2017-02-01



Holocaust scholar warns that while omission of Jews from White House statement may have been an error, refusal to make correction sends ‘deeply disturbing’ signals

Times of Israel

A professor of Holocaust studies at Emory University in Atlanta has accused the Trump administration of “flirting with Holocaust denial” by failing to mention Jews in its statement on International Holocaust Remembrance Day — and then refusing to acknowledge its mistake.

Deborah Lipstadt, writing in The Atlantic, said that while the initial omission may have been an error, the insistence on grouping Jews along with other victims of the Nazi regime is “what I term softcore Holocaust denial…It does not deny the facts, but it minimizes them.”
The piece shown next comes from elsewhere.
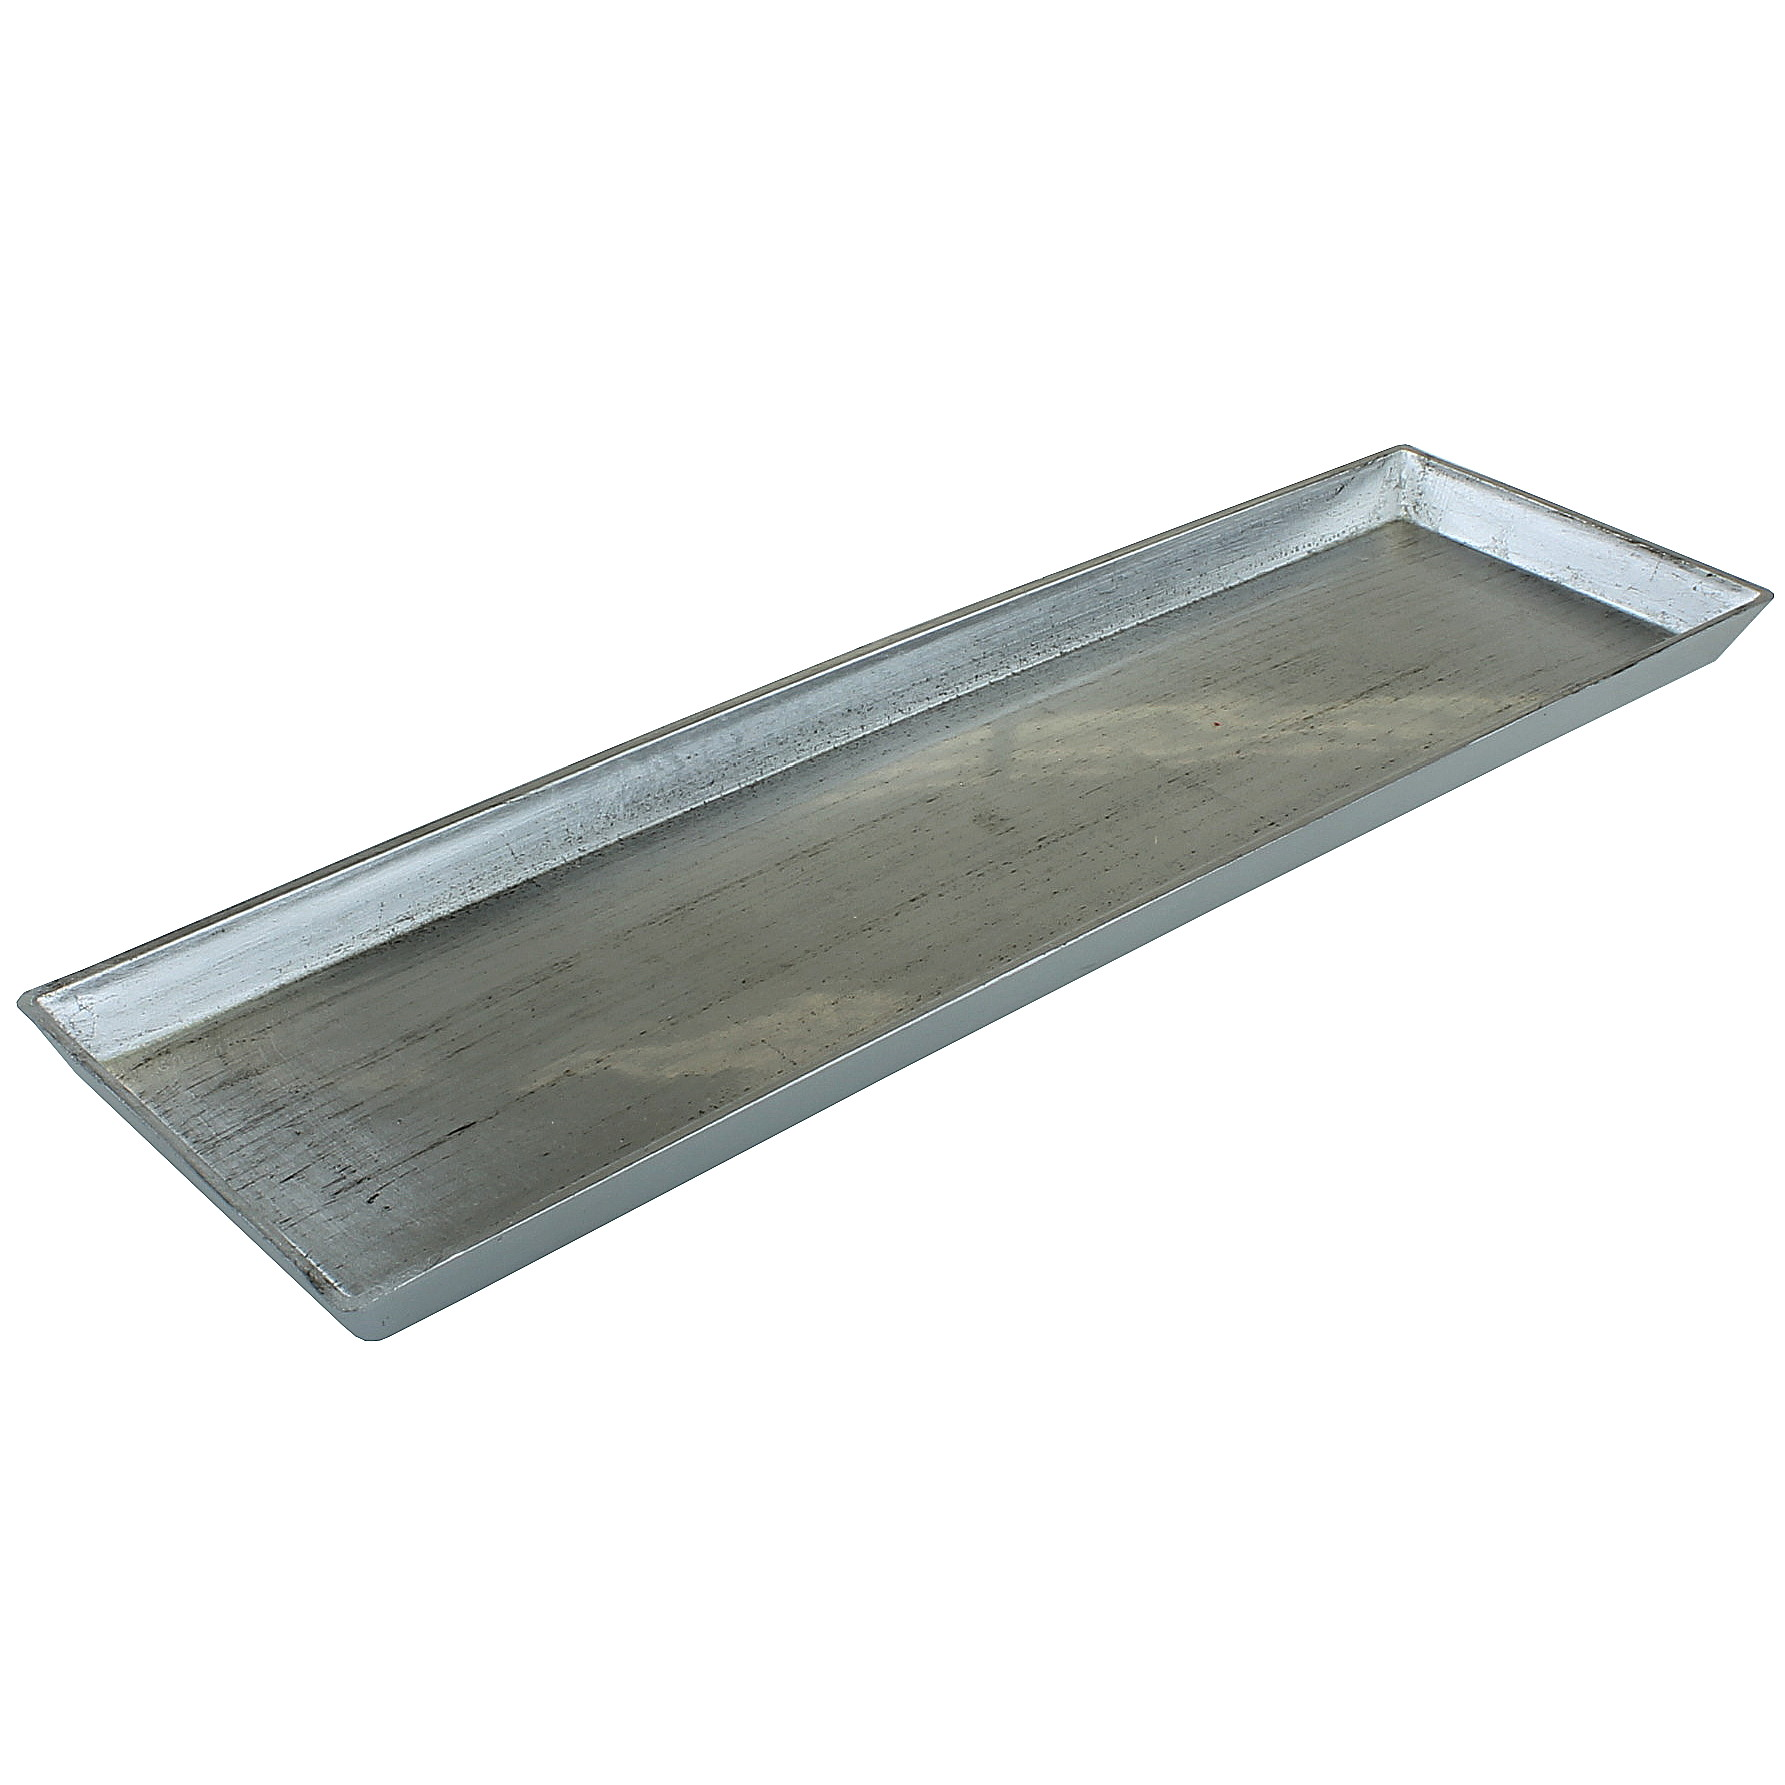 Deko Tablett Eckig Alt Silber Kerzenteller Platzteller Tisch Deko

In her piece, Lipstadt explains that while millions of innocents were killed by the Nazis and their policies, none were persecuted in so systematic, so precise a manner as the Jews.

“It was only the Jews whose destruction could not wait until after the war. Only in the case of the Jews could war priorities be overridden” to advance the cause of extermination.

Lipstadt, subject of the 2016 movie “Denial” on her legal battle with prominent Holocaust denier British historian David Irving in the 1990s, accused the White House of endorsing the language of “softcore” deniers, who seek to de-Judaize the Holocaust. She noted the affinity that some in the Trump administration – particularly Trump’s chief strategist, Stephen Bannon, have to the “alt-right,” a movement that has embraced the resurgent nationalism now prevalent in parts of Europe.

“It may have all started as a mistake by a new administration that is loath to admit it’s wrong,” she wrote. “Conversely, it may be a conscious attempt by people with anti-Semitic sympathies to rewrite history. Either way it is deeply disturbing.”

On Monday the White House press secretary lashed out at criticism over the White House’s statement, calling it “pathetic” that people were “nitpicking” the president’s efforts to highlight and remember the tragedy.

“The idea that you’re nitpicking a statement that sought to remember this tragic event that occurred and the people who died in it is just ridiculous,” Sean Spicer said. “To suggest that remembering the Holocaust and acknowledging all of the people — Jewish, gypsies, priests, disabled, gays and lesbians — is frankly pathetic that people are picking on a statement.”

On Friday, the administration released a press release remembering the victims of the Shoah, but without specifically noting the 6 million Jews who were targeted and killed by Adolf Hitler’s Nazi Germany, an omission that led to criticism from Jewish groups and others.

ADL CEO Jonathan Greenblatt promptly exclaimed that it was “puzzling and troubling” that the administration’s 117-word statement did not mention the persecution of the Jews, which was central to the Nazi genocide.

Trump’s statement, Greenblatt said, “misses that it was six million Jews who perished, not just ‘innocent people.’”

The omission also drew frustration from members of the Jewish community who have been allies of the president.

The staunchly pro-Trump Zionist Organization of America released a statement by its president Morton Klein that said the organization felt “compelled to express our chagrin and deep pain at President Trump, in his Holocaust Remembrance Day Message, omitting any mention of anti-Semitism and the six million Jews who were targeted and murdered by the German Nazi regime and others.”

And a spokesman for the Republican Jewish Coalition said “the lack of a direct statement about the suffering of the Jewish people during the Holocaust was an unfortunate omission.”

Asked about this backlash during his daily press briefing, Spicer said the White House did not find any fault in its management of the message, adding he was disappointed anyone would complain.

“The president went out of his way to recognize the Holocaust and the suffering that went through it and the people that were affected by it and the loss of life, and to make sure that America never forgets what so many people through, whether they were Jews or gypsies, gays, disability, priests,” he said.